The github_repos dataset, which is 3TB+ in size and can be found in Bigquery Public Datasets, comprises information in numerous tables regarding commits, watch counts, and other activity on 3M+ open-source projects. We want to look at the Google Cloud Platform repository for this example. As always, before you begin, make sure you have the necessary IAM permissions. In addition, make sure you have the necessary rights to access the datasets and data canvas in order to run nodes properly.
Using data canvas makes it simple to explore every table in the github_repos dataset. Here, Google Cloud evaluate schema, details, and preview data in one panel while comparing datasets side by side.
After choosing your dataset, you can hover over the bottom of the node to branch it to query or join it with another table. The dataset for the following transformation node is shown by arrows. For clarity, you can give each node a name when sharing the canvas. You can delete, debug, duplicate, or run all of the nodes in a series using the options in the upper right corner. Results can be downloaded, and data can be exported to Looker Studio or Sheets. In the navigation panel, you can also inspect the DAG structure, restore previous versions, and rate SQL suggestions.

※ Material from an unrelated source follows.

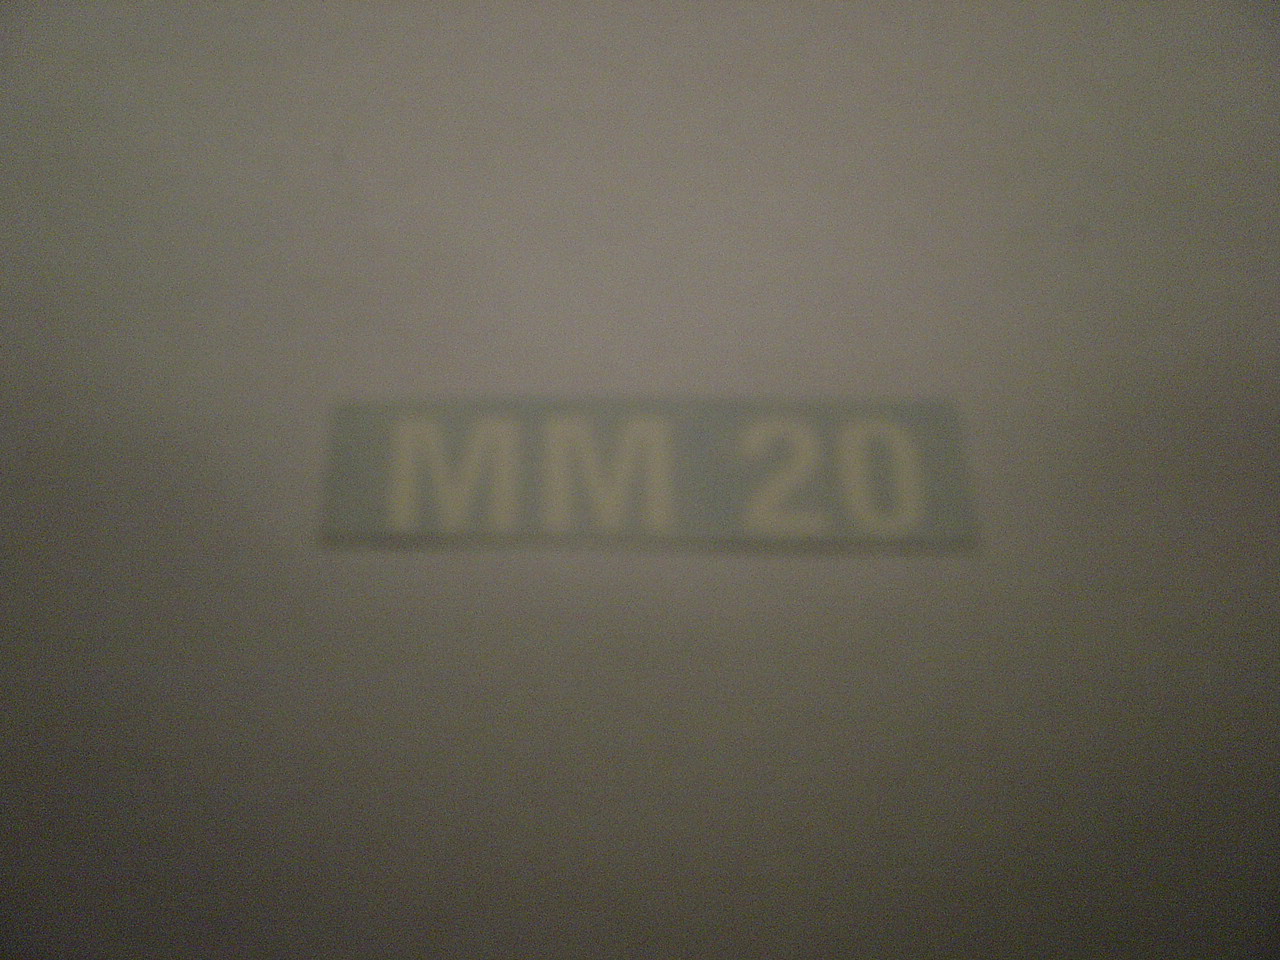 Sticker Lawn mower " MM 20 "

Google examine four main facets of their data while examining the github_repos dataset. They will attempt to ascertain the following:
1) The total number of commitments made in a single year
2) The quantity of written repos for a specific year
3) The total number of non-authored commits that were applied throughout time
4) Determine how many user commits there have been for a specific file at a specific time.
Utilise BigQuery data canvas to simplify data analysis
It might be challenging to interpret data for a new project or use case when working with large datasets that span multiple disciplines. This procedure can be streamlined by using data canvas. Data canvas helps you work more efficiently and quickly by streamlining data analysis using natural language-based SQL creation and visualisations. It also reduces the need for repetitive queries and lets you plan automatic data refreshes.